王女、産まれる
目が覚めた。
周りがやけに煩い。
体が動かない。
意識があるため、どうやら死に損なったのは理解した。
しくじったのだろうか。
あの女神の思惑に乗りたくなかったので不興を買って消滅される。冒頭で真っ先に消される噛ませ役になろうとしたのだが。

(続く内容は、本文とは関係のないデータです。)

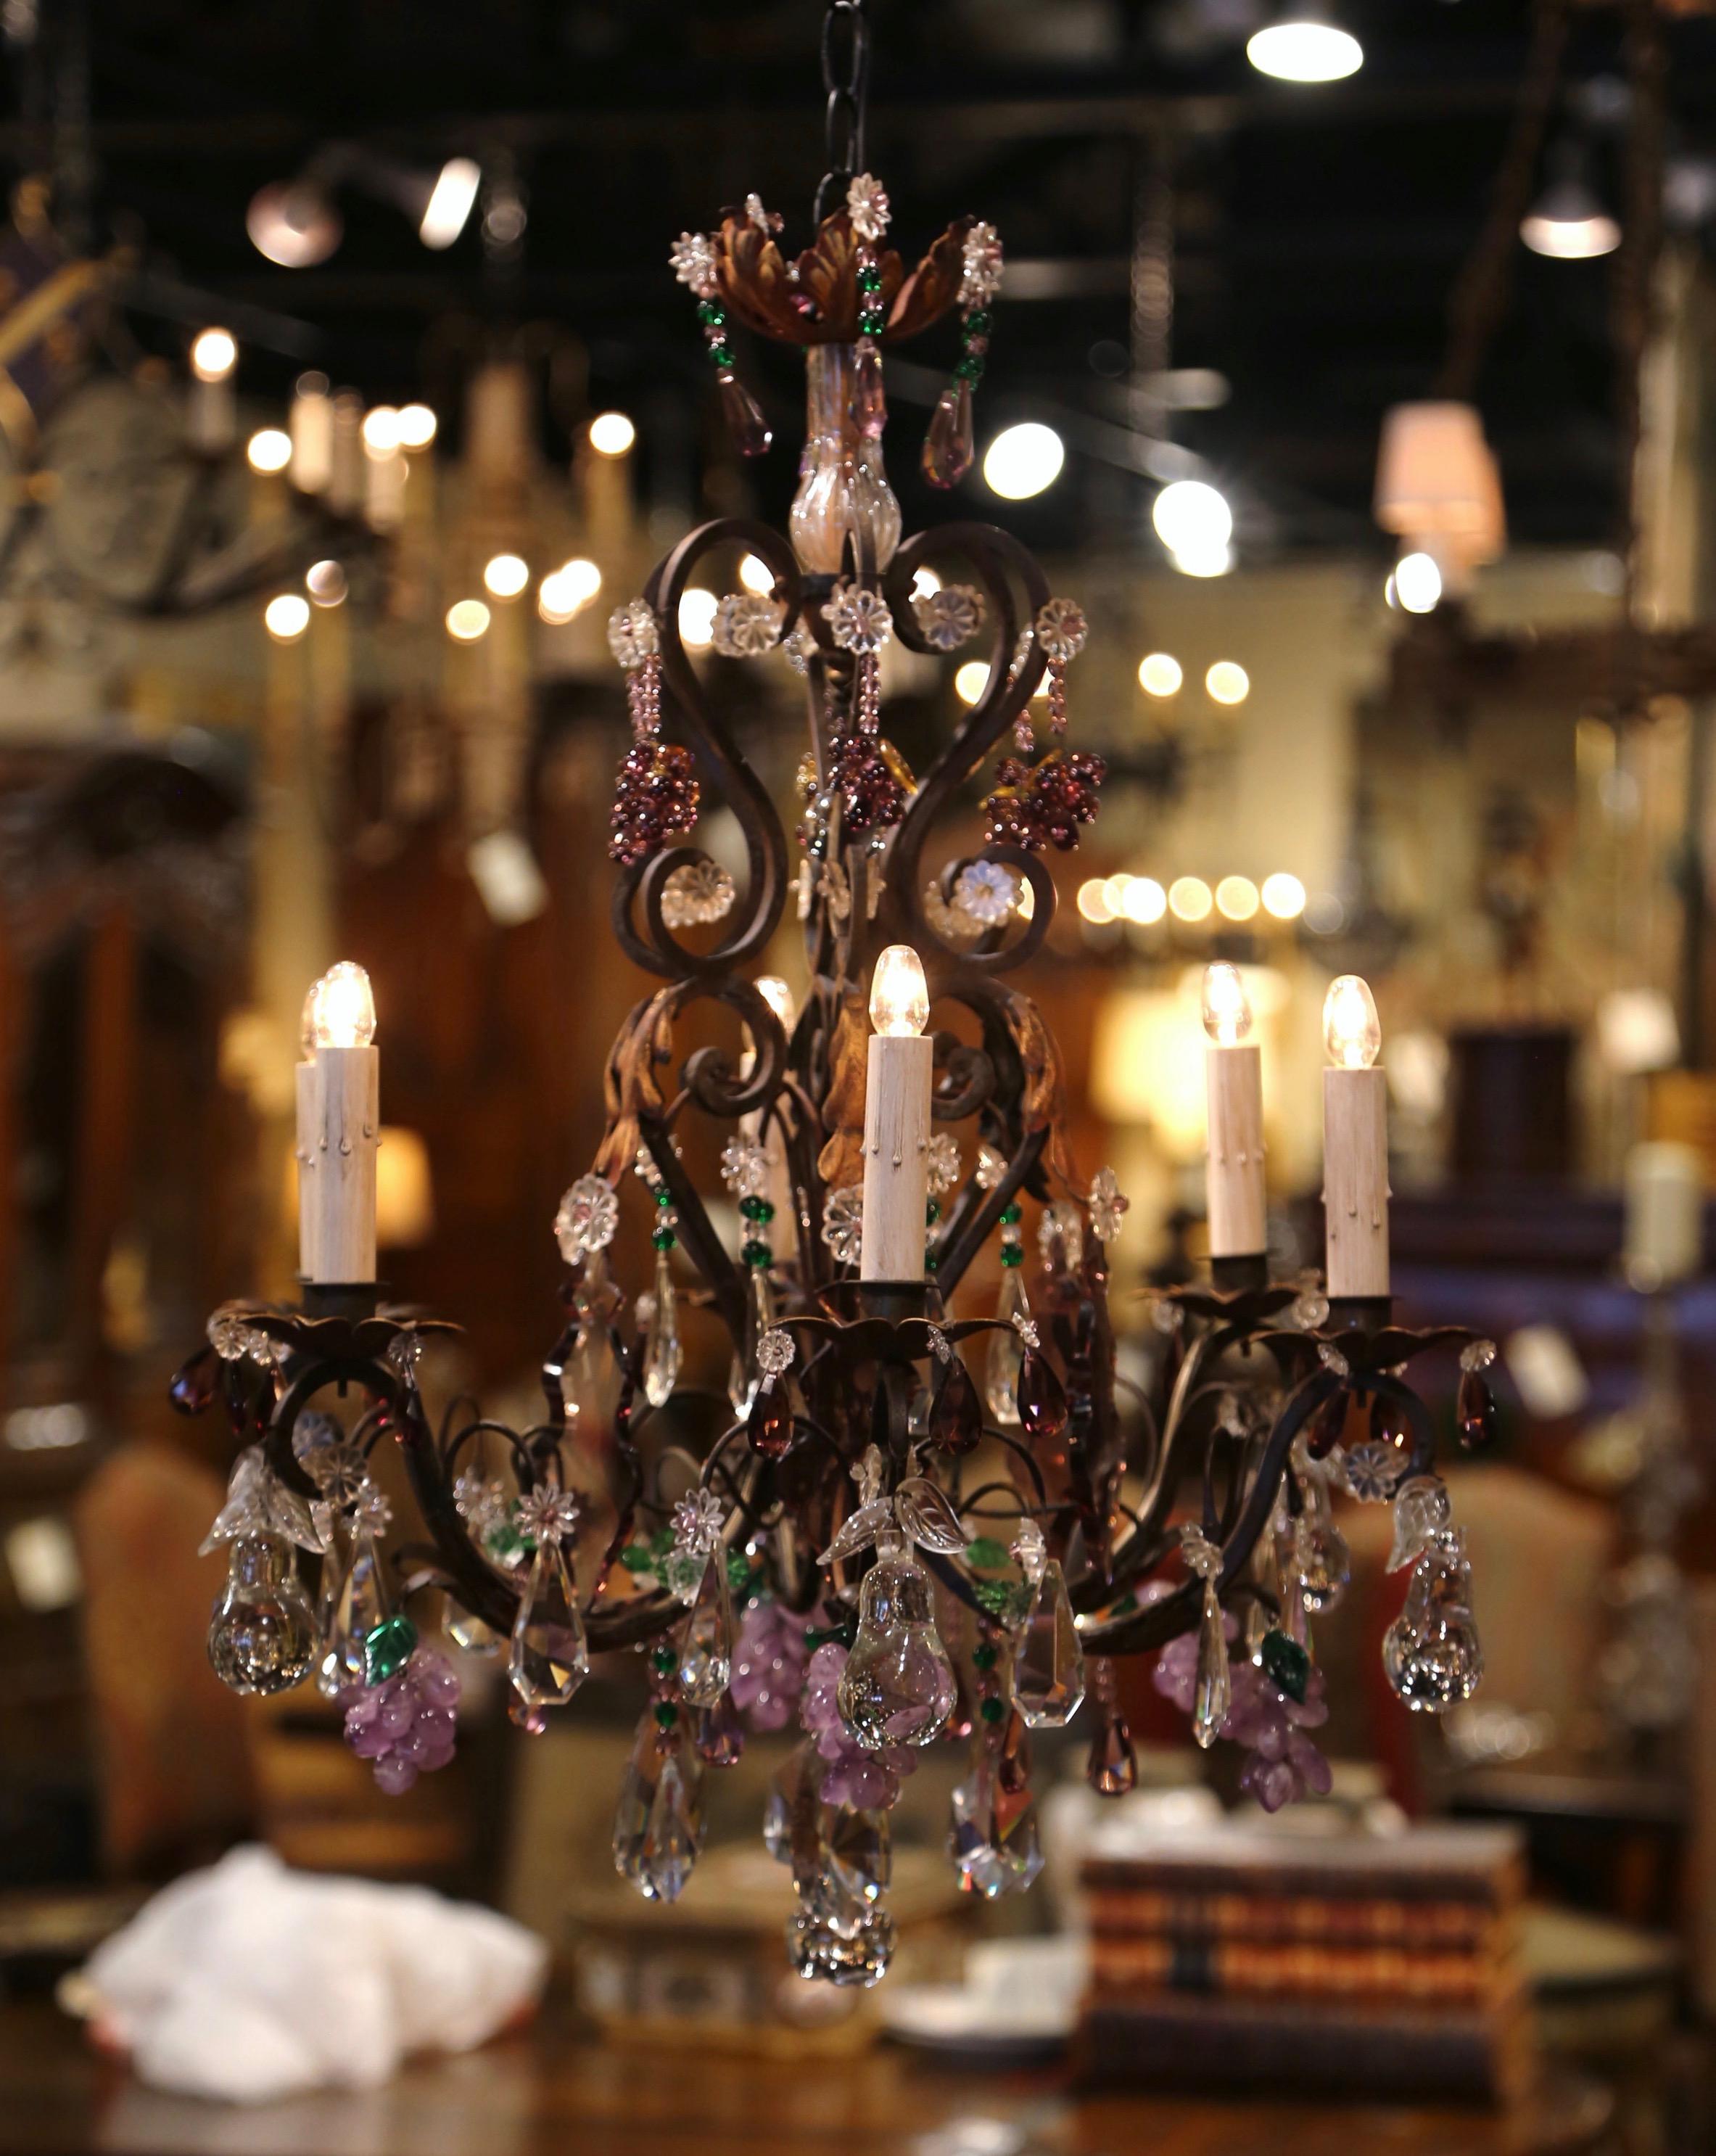 Decorate an entry or a girl's room with this elegant antique light fixture. Crafted in France circa 1920, the colorful chandelier has six metal arms newly wired embellished with metal acanthus leaves, and dressed with candle sleeve covers. The

瞼が開かないのでぼんやりとそんなことを考えていたら……
パシッ
尻を叩かれた。
そしてようやく瞼が開き、睨みながら周囲を……見渡せなかったから目に入った女を睨んだ。やつれていたが美人なのだろう。その女が気絶し、周囲にいた男女が騒ぎ始めた。
(なんなんだ)
わけがわからなかった。
この日、金髪碧眼の王女が産まれた。右手に小さな金の塊を手に、産声を上げずに産まれた。
自分が赤ん坊であることを認めるのに時間がかかった。
さすがに何もできずにお漏らしをすれば嫌でも理解する。
もう記憶を失いたい。お漏らしプレイを楽しめる性癖は持ってない。
異世界転生をしてしまったのだが、チート能力はどうなったのだろうか。
早々にリタイアしようとしたのだからないのかも知れないが、転生したのなら欲しかった。
むしろこの痴態に耐えるだけの報酬をくれ。
というか数年後とかに意識を飛ばしてくれ。
現実逃避をしながらぼんやりと天井を睨む。
赤ん坊とは暇すぎるんだ。
異世界転生で赤ん坊からやり直している主人公達のメンタルは化け物だな。
こっちは発狂しそうだ。
あれからどれくらい経っただろうか。
ようやく周囲を見ることができ、状況が徐々にわかるようになった。
無駄に広い部屋にぽつんとあるベビーベッド。私の世話をする乳母役の高齢の使用人が一人。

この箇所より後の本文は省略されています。